Guest post from Francis Young

From Francis Young, regarding Heveningham Hall and Moreton Hall near Bury St. Edmonds. Heveningham is an area of previous alleged sightings in the 1920s which include the mention of a clanking chain, it is one of the archetypal associations with The Black Dog (see also the Tchen Al Tchinne in the Walloon area of France and Belgium and Black Shook in North Norfolk). The area is not far from Blythburgh where the folklore is especially embedded and also features an area called The Devil’s Field and Devil’s Lane, this could plausibly indicate a causal link to the Grim somewhere in the past other than the sixteenth century associations. Whether there is any archaeological or historical evidence of burial mounds or pits in the area that may have grown into an association I don’t know. If anyone does have any information by all means leave a comment below. In the second case it is particularly interesting that the ‘big cat’ is mentioned, it leads me to wonder what it is that may or may not have made the folklore shift, is it a drift away from something that is seen as supernatural to something which is more acceptable; an escaped animal from a wildlife park or a colony of wild cats living a feral life in the countryside.

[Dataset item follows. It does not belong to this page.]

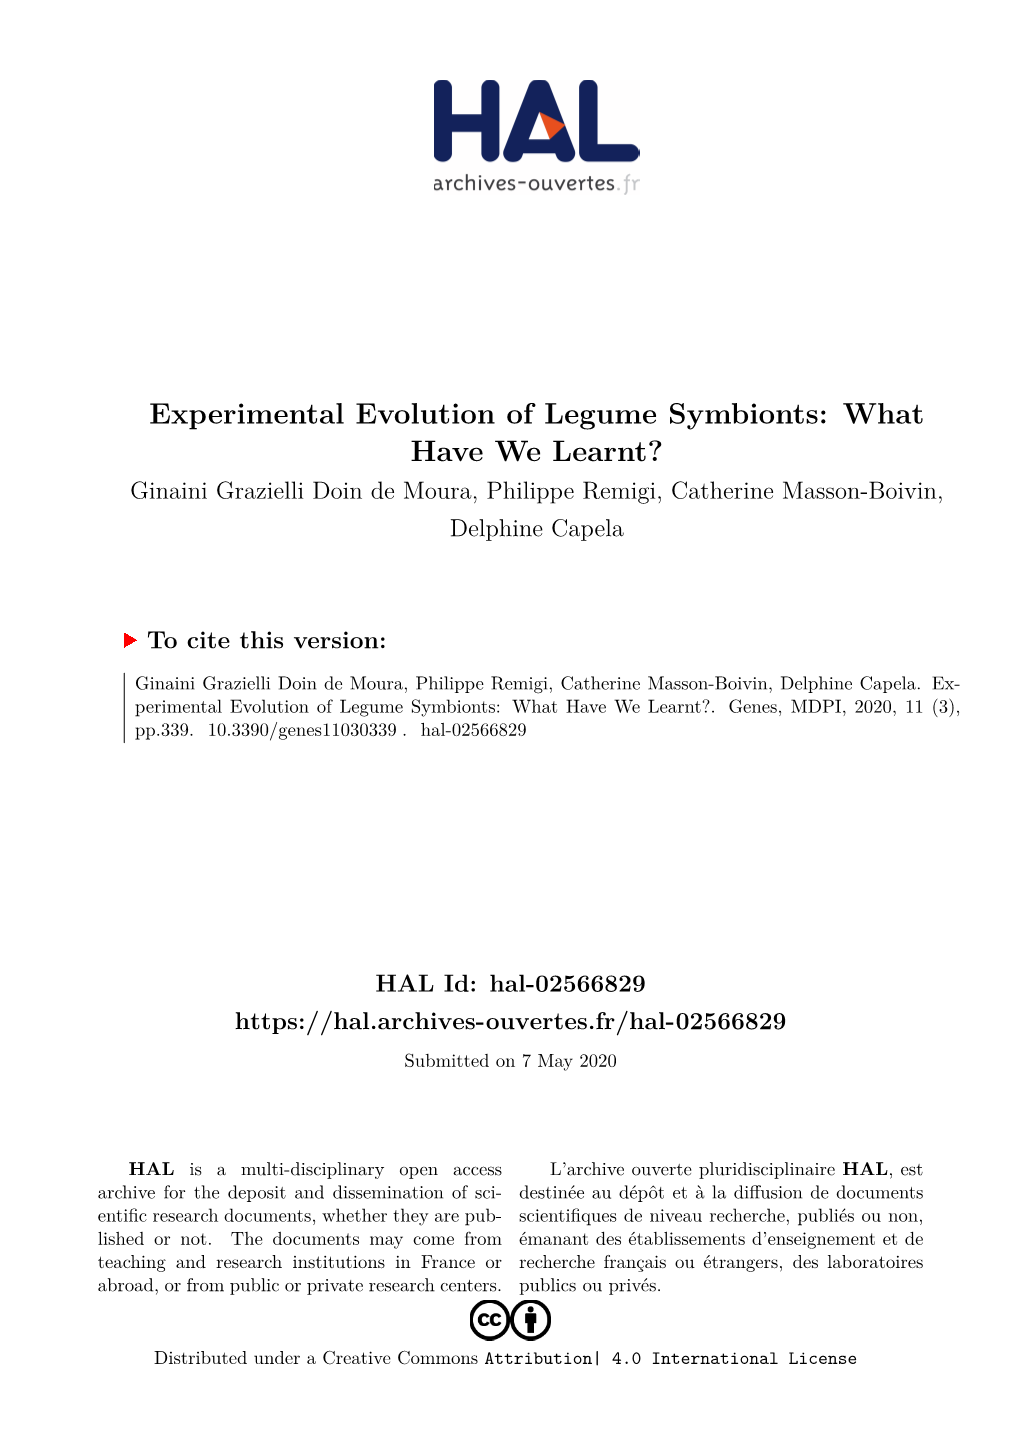 Experimental Evolution of Legume Symbionts: What Have We Learnt? Ginaini Grazielli Doin De Moura, Philippe Remigi, Catherine Masson-Boivin, Delphine Capela

“I have two incidents from my family, all of whom are from Suffolk. My wife’s maternal grandfather was running an errand in a horse-drawn vehicle at some point in the early 1920s (I can’t be more specific, I’m afraid) through Heveningham Hall Park, which has a public road running through it surrounded by metal railings. He saw ‘black shuck’, a dog much larger than normal (about the size of a small deer) with large, red eyes. Being a Suffolk man born and bred he knew that looking into shuck’s eyes brings bad luck and even death, so he averted his eyes.

About ten years ago a strange incident occurred at Moreton Hall, a housing estate just outside Bury St Edmunds where my mother was working. She took a walk in the garden of her place of work just after dusk and thought she saw a large, dark animal of some kind lying stretched out on the branch of a cedar; she distinctly saw a tail curve up over the creature’s body. Naturally, she went inside and a about half an hour later she saw blue lights as a police car drew up outside. Two policemen reported that local residents had reported seeing a black ‘puma’ and advised everyone to keep inside until they had carried out an investigation. My mother never heard anything further and I don’t think the incident ever made it to the local paper.

As I’m sure you know, ‘black dog’ sightings had a tendency to morph into ‘big cat’ sightings in the latter part of the 20th century, although in my own view they are simply cultural reinterpretations of the same phenomenon. As I’m sure you are also aware, Suffolk is the original home of black dog stories, beginning with A Straunge and Terrible Wunder, the pamphlet describing the black dog of Bungay in 1577.”